# Expired Visa - worst consequences?



## felfalafel (Mar 24, 2021)

Dear all,
what are the consequences if I overstay my tourist visa? I have already extended it 3 times, and have thus stayed the maximum time legally possible - about 3 years. I was planning on leaving the country and returning within a few days, but covid made that impossible - as well as shifting to a retirement or investment visa on time.

For business and private reasons, leaving right now is not an option. As far as my reseach got me, if I overstay more than 12 months, I risk getting blacklisted and permanently banned from entering the country again. However, as long as I only overstay <12 months, I might get deported (taken to Manila and pushed on a plane), and have to pay about a hundred $ per month or less (which wouldn't really be an issue), but no other consequences arise. 
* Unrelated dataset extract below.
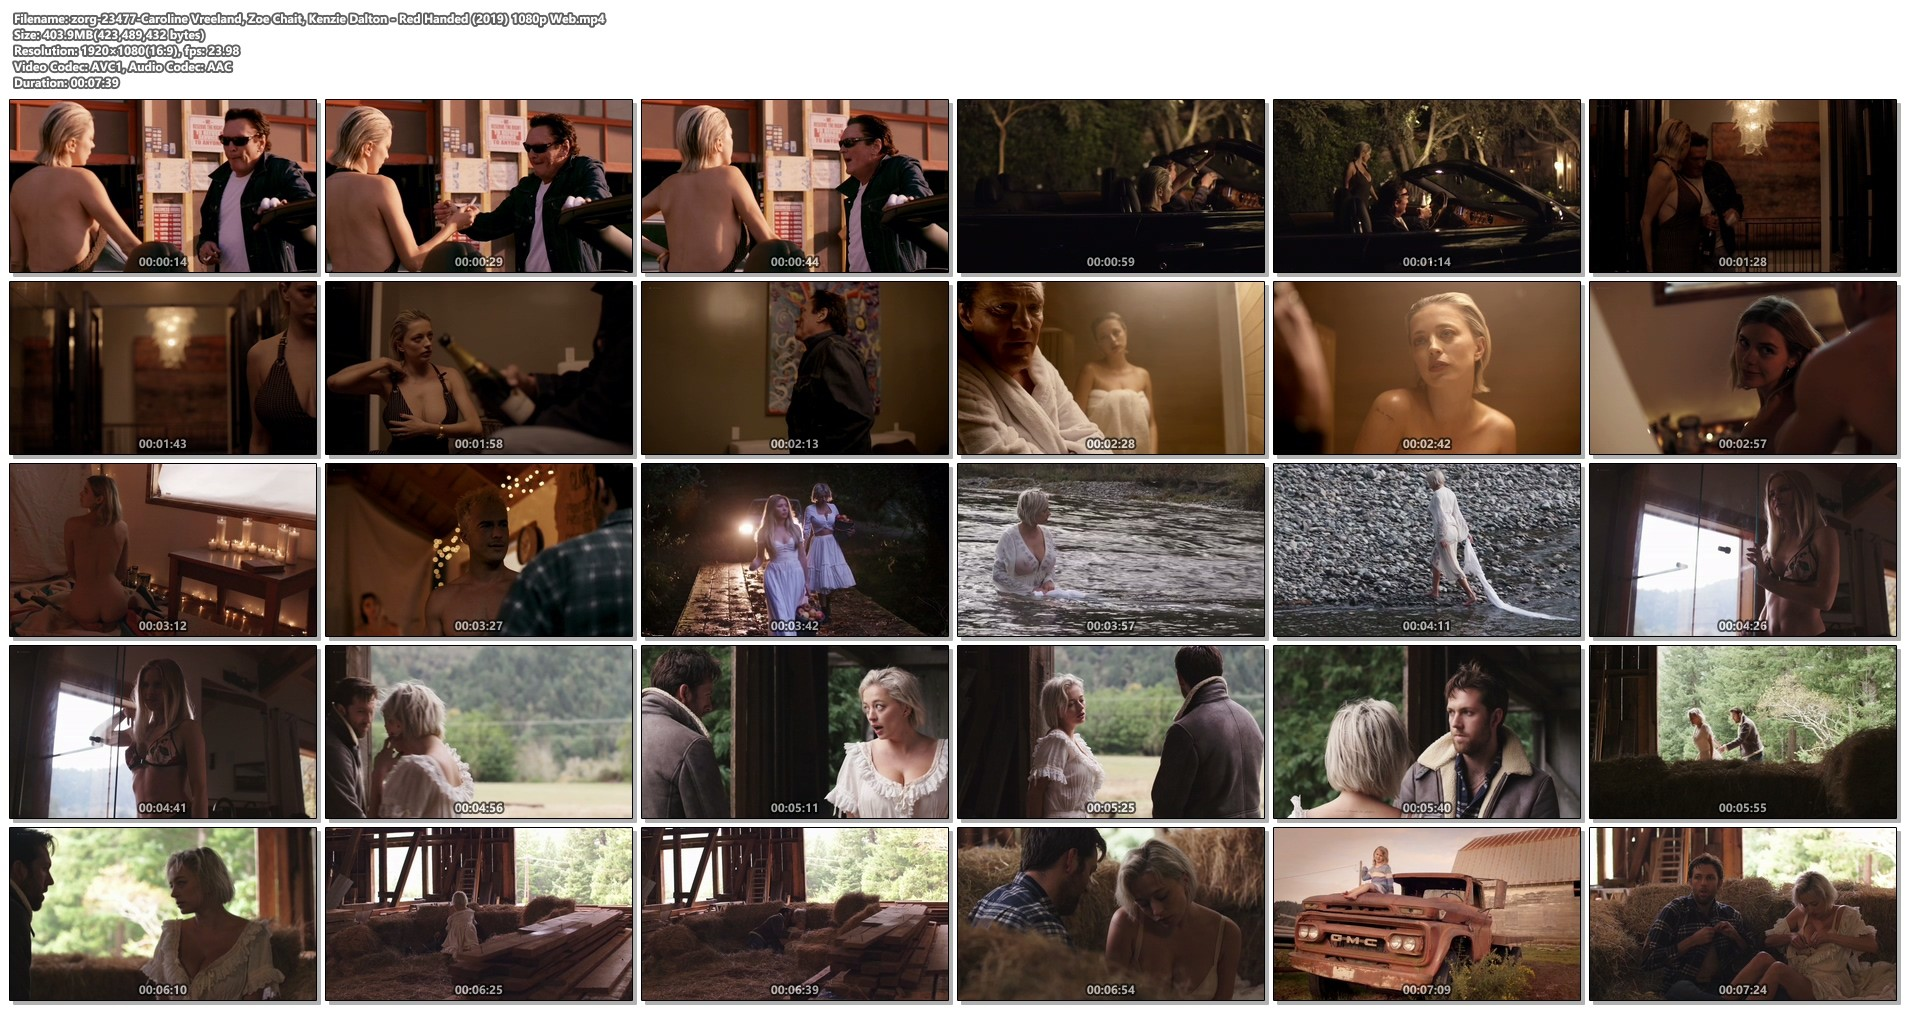 Caroline Vreeland busty see through Zoe Chait, Kenzie Dalton hot - Red Handed (2019) 1080p Web (1)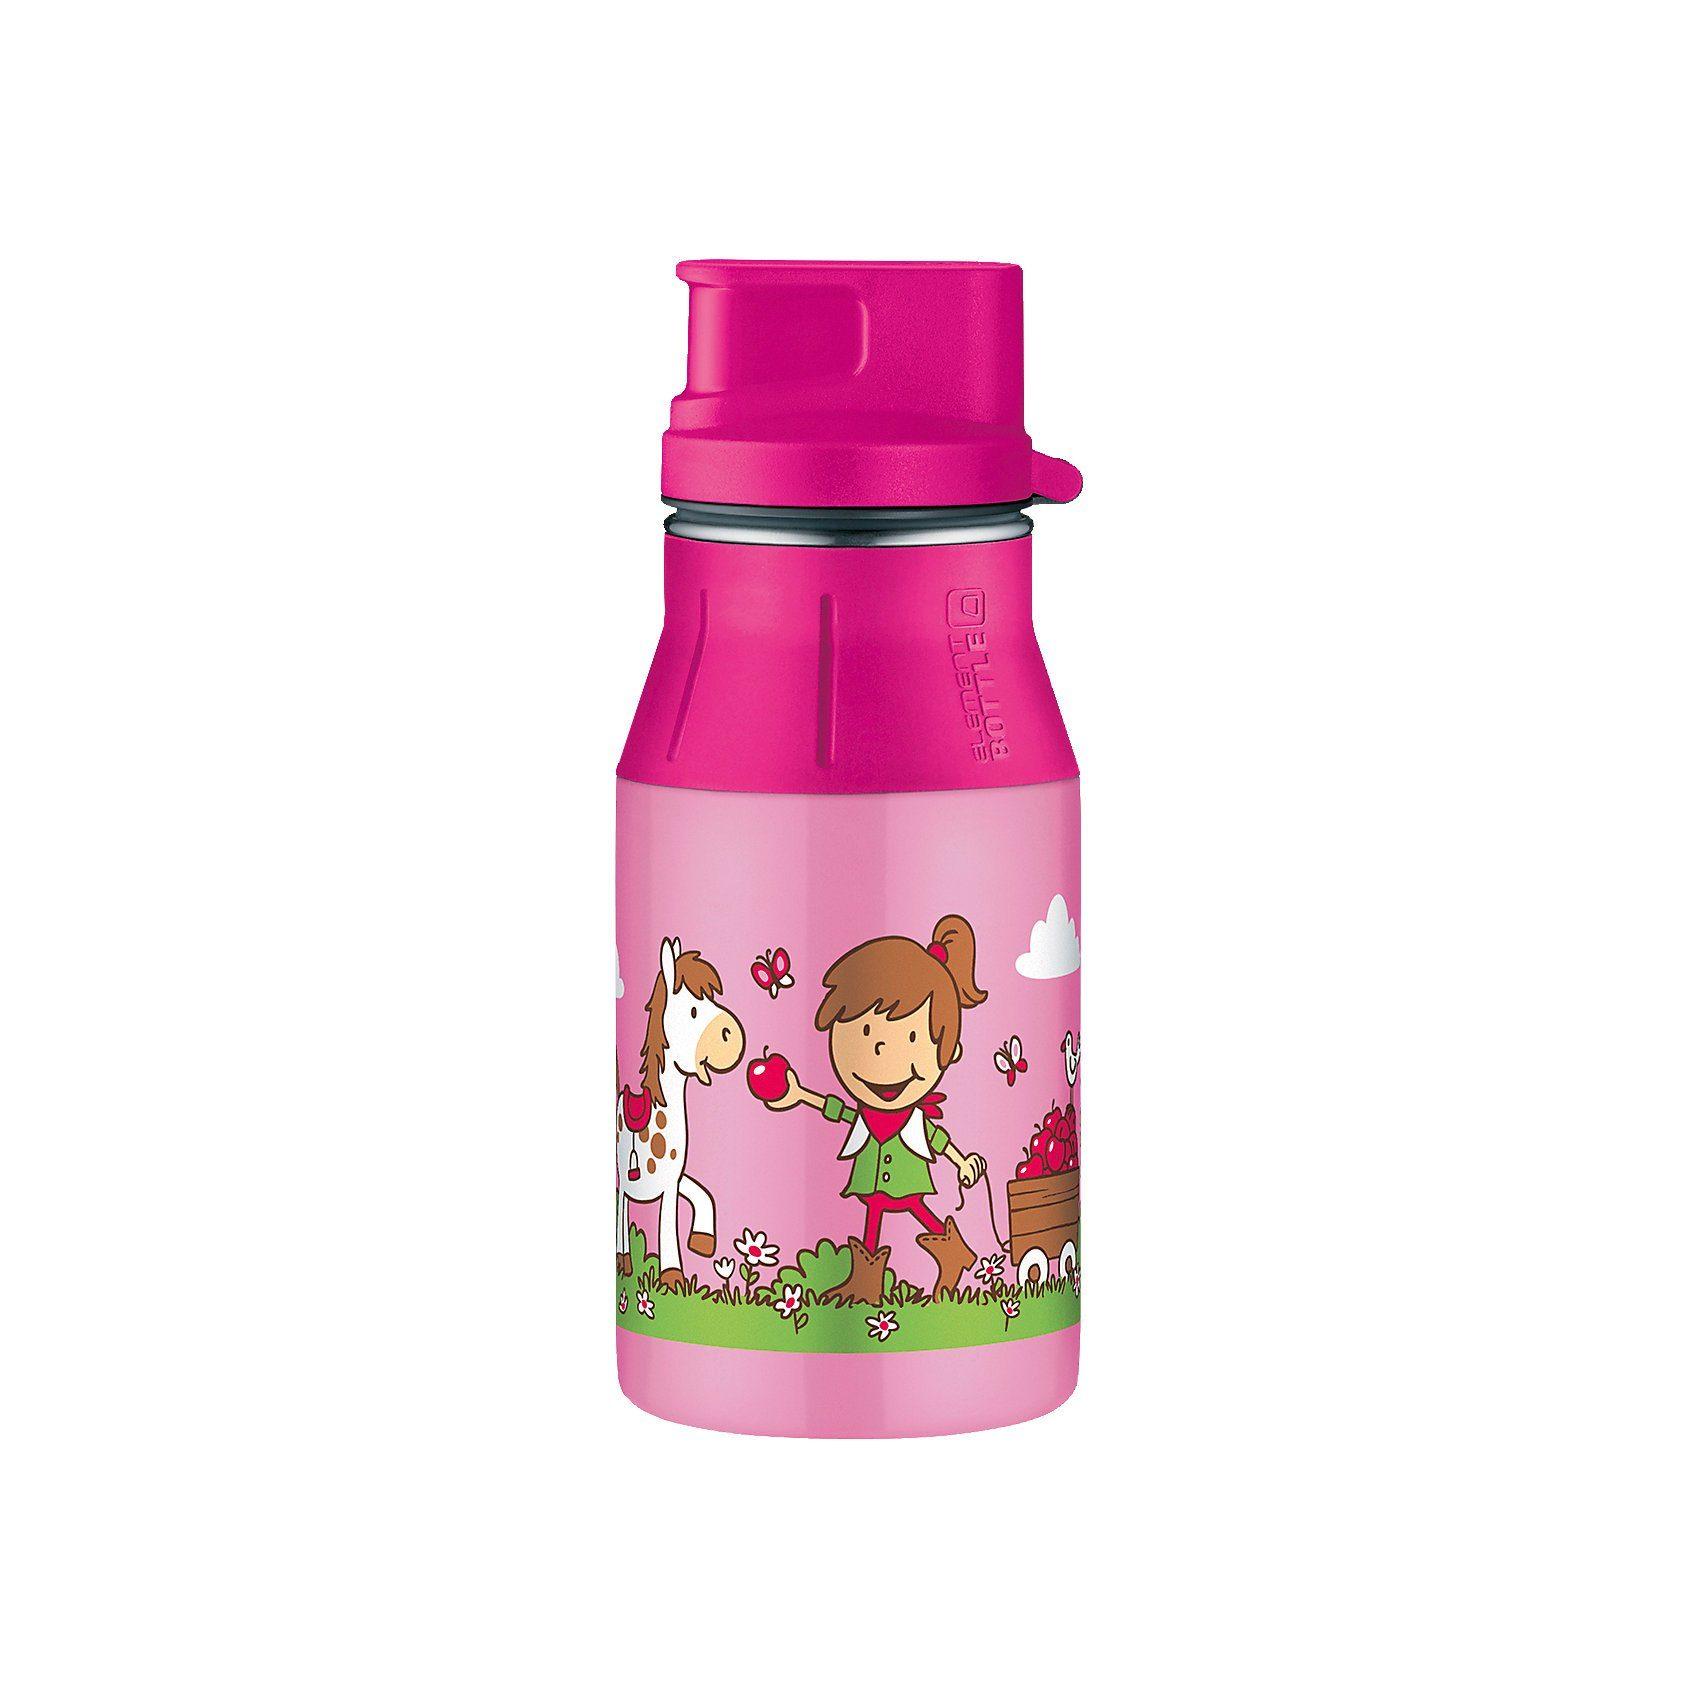 Alfi Trinkflasche elementBottle Farm, rosa, 400 ml

Can anyone verify or falsify my information, ideally with lived experience and/or links to reports? Is anyone else here purposefully overstaying? what are other solutions to staying in the country throughout this pandemic? (marriage is not an option  )

Thanks for your help, 
Felix


----------



## Lunkan (Aug 28, 2020)

Well. BEFORE covid it was high fines and risk for deporting and blacklist, 
but concerning EXTENDING BI has been much nicer during covid. 
Why didn't you extend it before it expired??? Then they would have let you extend it BECAUSE of covid, By overstaying long time and again I don't know how they will react, but I GUESS BETTER chance by covid to get away with it (for a high fine) both because of BI have been more flexible during covid and they need money more than normal.


----------



## M.C.A. (Feb 24, 2013)

You could call or message the Philippine Bureau of Immigration from their official Facebook page PBI Link 

And so now you have two worries right now felfalafel... not only is your Visa about to expire but you are also prohibited from working or owning a business on a Tourist Visa, so if you do contact the PBI I would come up with another reason why you want to stay in the Philippines.

Another link you might want to try since you're already here maybe you can work out an Investment or SRRV Visa PRA


----------



## KatanaDV20 (Mar 27, 2020)

felfalafel said:


> Dear all,
> what are the consequences if I overstay my tourist visa? I have already extended it 3 times, and have thus stayed the maximum time legally possible - about 3 years.


Wow, I had no idea! You can stay 3 years in-country on a tourist visa? UK here and Id love to do that. Been apart from my gf for 17 months now with no end in sight. This is something to keep in mind when borders finally open.


----------



## Gary D (Oct 28, 2013)

You can extend beyond 3 years but you need a good reason and it's expensive.


----------



## KatanaDV20 (Mar 27, 2020)

Gary D said:


> You can extend beyond 3 years but you need a good reason and it's expensive.


Thanks for this info, handy to know


----------



## Shadowman (Apr 20, 2020)

Gary D said:


> You can extend beyond 3 years but you need a good reason and it's expensive.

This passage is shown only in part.